Прежде чем перейти к разговору о содержании понятия "политическое влияние", остановимся на двух его чертах - именно как понятия, замещающего понятие политической власти. Мы даже не можем сказать "заместившего", ибо политическая власть остается в политической рефлексии и в ходовом политическом словаре как анахронизм, лишь медленно и с трудом поддающийся вытеснению и замещению. Первой чертой понятия политического влияния является невозможность его абсолютизации. Идея какого-то абсолютного политического влияния могла бы возникнуть в политической рефлексии только как вырожденная версия мифа абсолютной политической власти. Методологически здесь важно помнить, что, строго говоря, миф не возникает.
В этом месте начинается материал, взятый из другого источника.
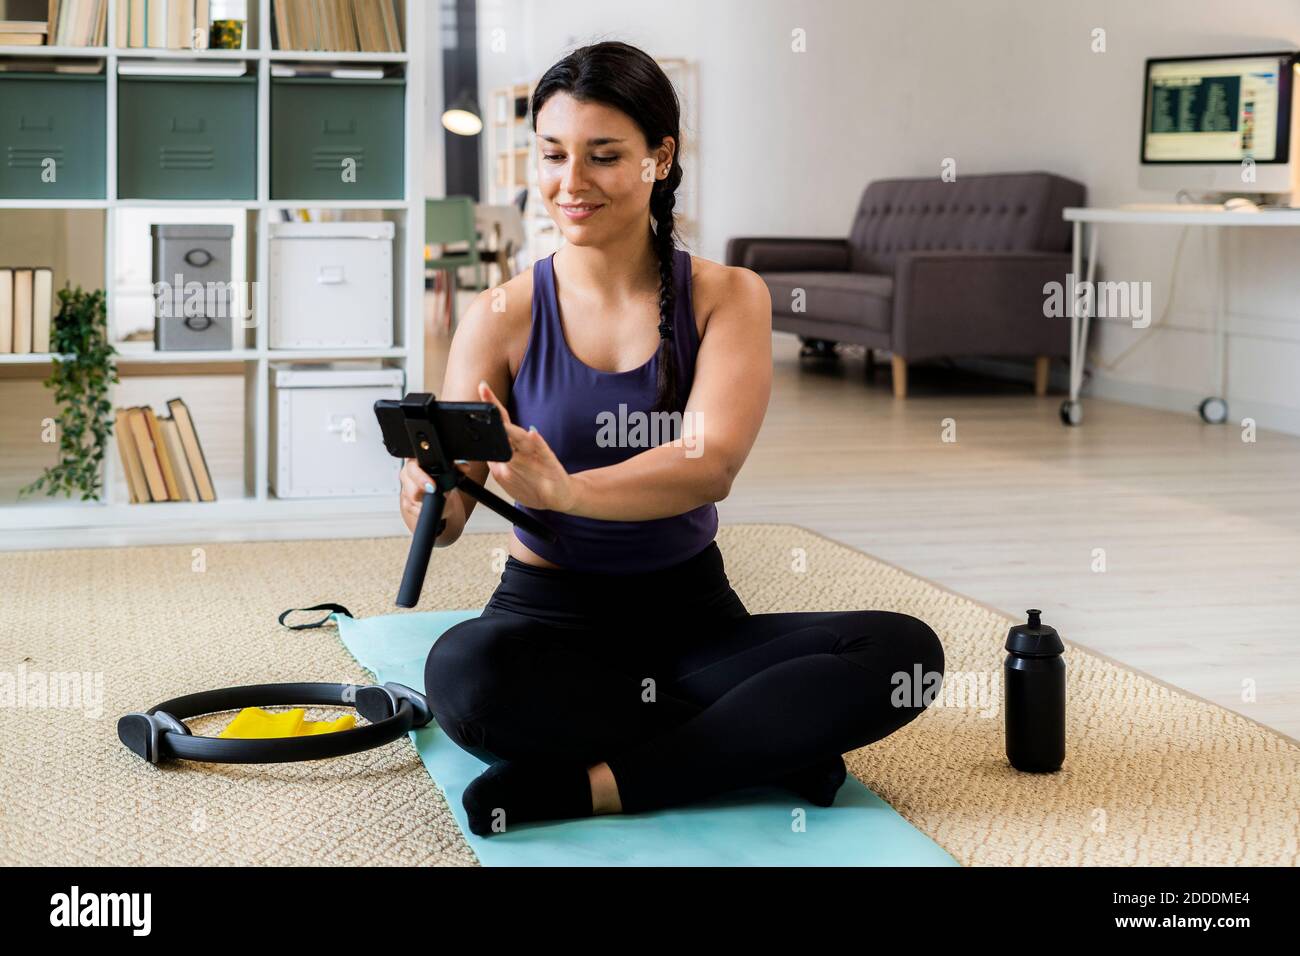 Athlète féminine avec pattes croisées assis sur un tapis d'exercice enregistrement vidéo à la maison Banque D'Images
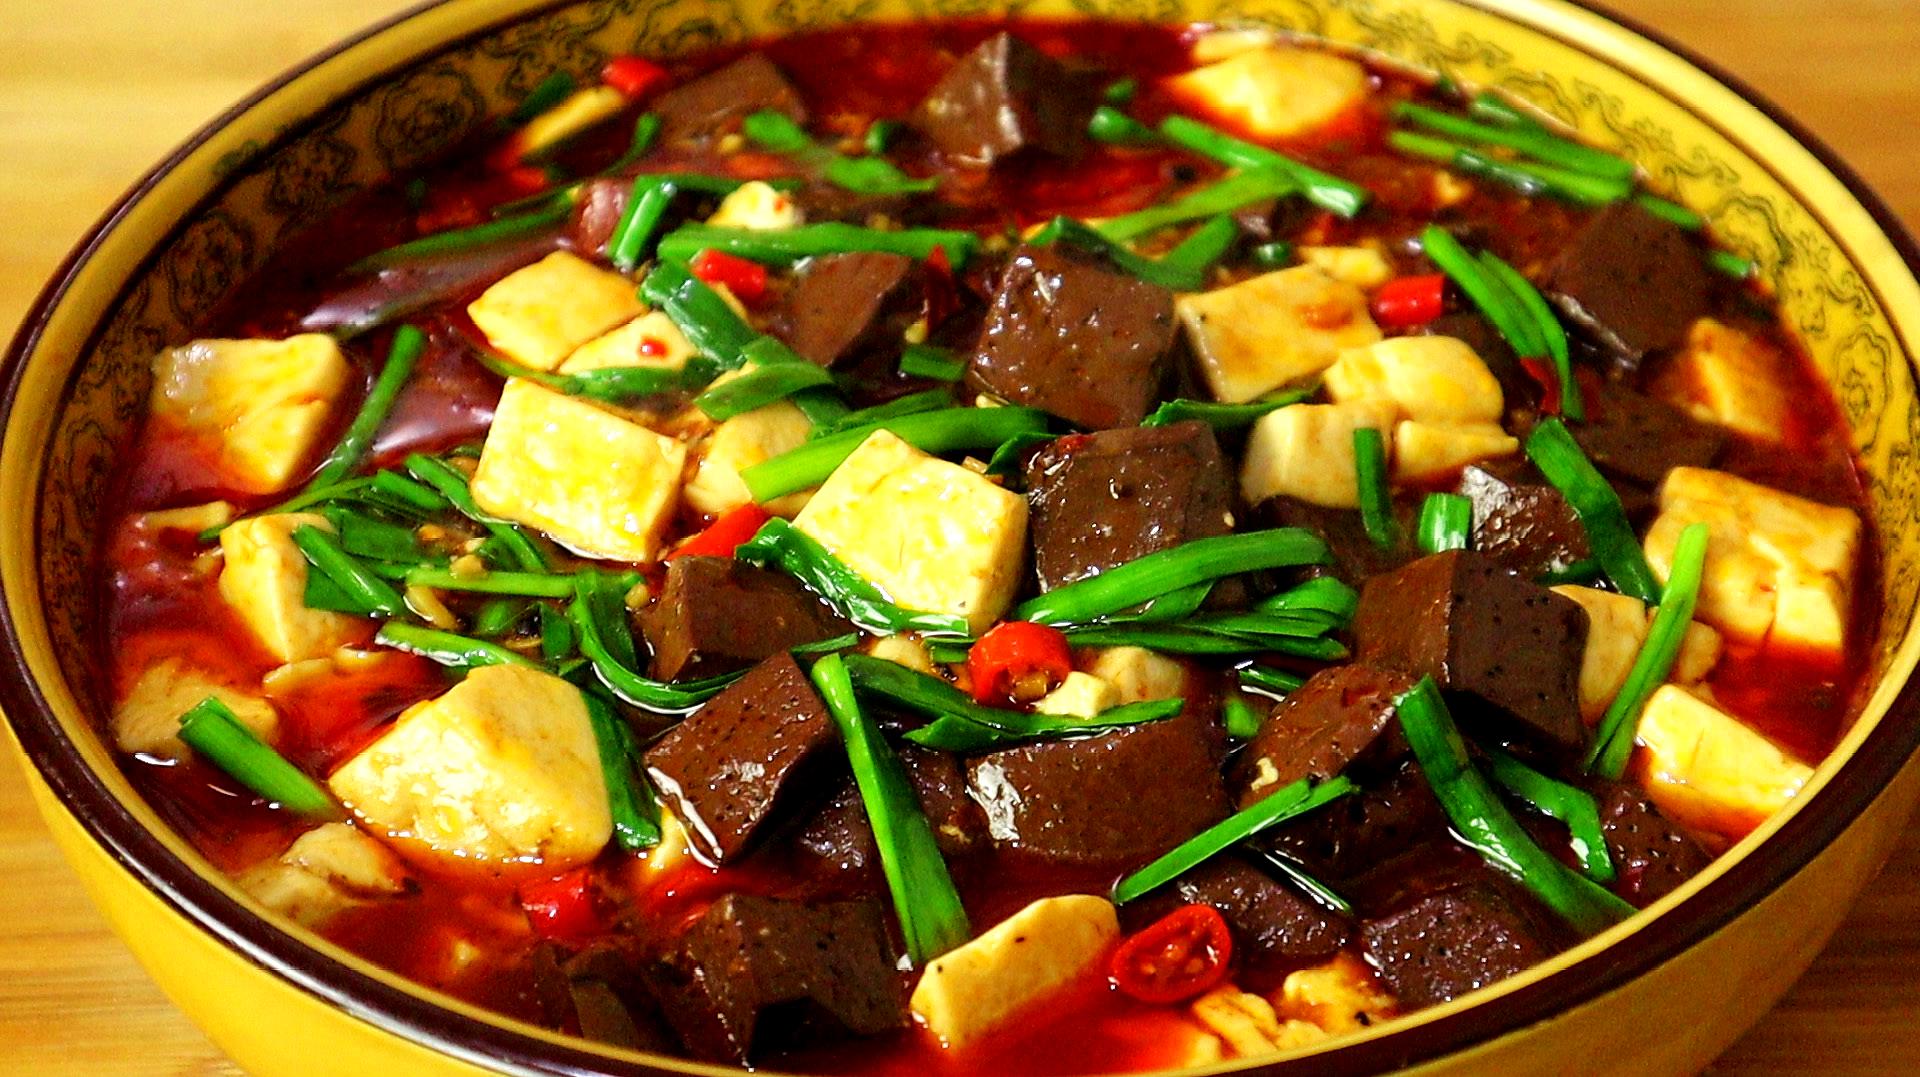 分享六道美味家常菜:猪血烧豆腐上榜,香菇肉片上桌孩子吵着吃!

Он всегда уже в мышлении, которое его либо актуализирует, либо оставляет для "возможного дальнейшего употребления в будущем". Именно так, выражаясь несколько метафорически, мы могли бы сказать, что у понятия "политическое влияние" не хватит времени, чтобы стать мифом. Вторая черта этого понятия - его принципиальная неонтологичность; ибо оно по своему содержанию рефлексируется скорее как переход от одной фазы политической рефлексии к другой, нежели как уже зафиксированное состояние (или объект) политической рефлексии. Важнейшей характеристикой содержания понятия политического влияния является принципиальная неопределенность субъекта политического влияния в мышлении о политике, эпистемологическая непроясненность источника политического влияния. Из этого следует необходимость для политической философии введения объективных факторов и критериев в нашем рассмотрении этого понятия. Неопределенность субъекта политического влияния является прямым следствием редуцированности самого феномена политического влияния: последнее может оказаться чисто объективным, то есть когда ни его субъект не знает, что он это влияние оказывает, ни его объект не знает, что он это влияние испытывает. Таким образом, если в случае абсолютной политической власти последняя возможна только при одном и том же знании о ней ее субъекта и объекта, то политическое влияние в принципе может иметь место в отсутствие точного знания о нем у кого бы то ни было. Именно поэтому, хотя политическое влияние может быть не менее интенсивным и эффективным, чем политическая власть, политическому мышлению, рефлексирующему это влияние, будет необходимо изменить свое направление и сфокусироваться на объективных факторах и эффектах.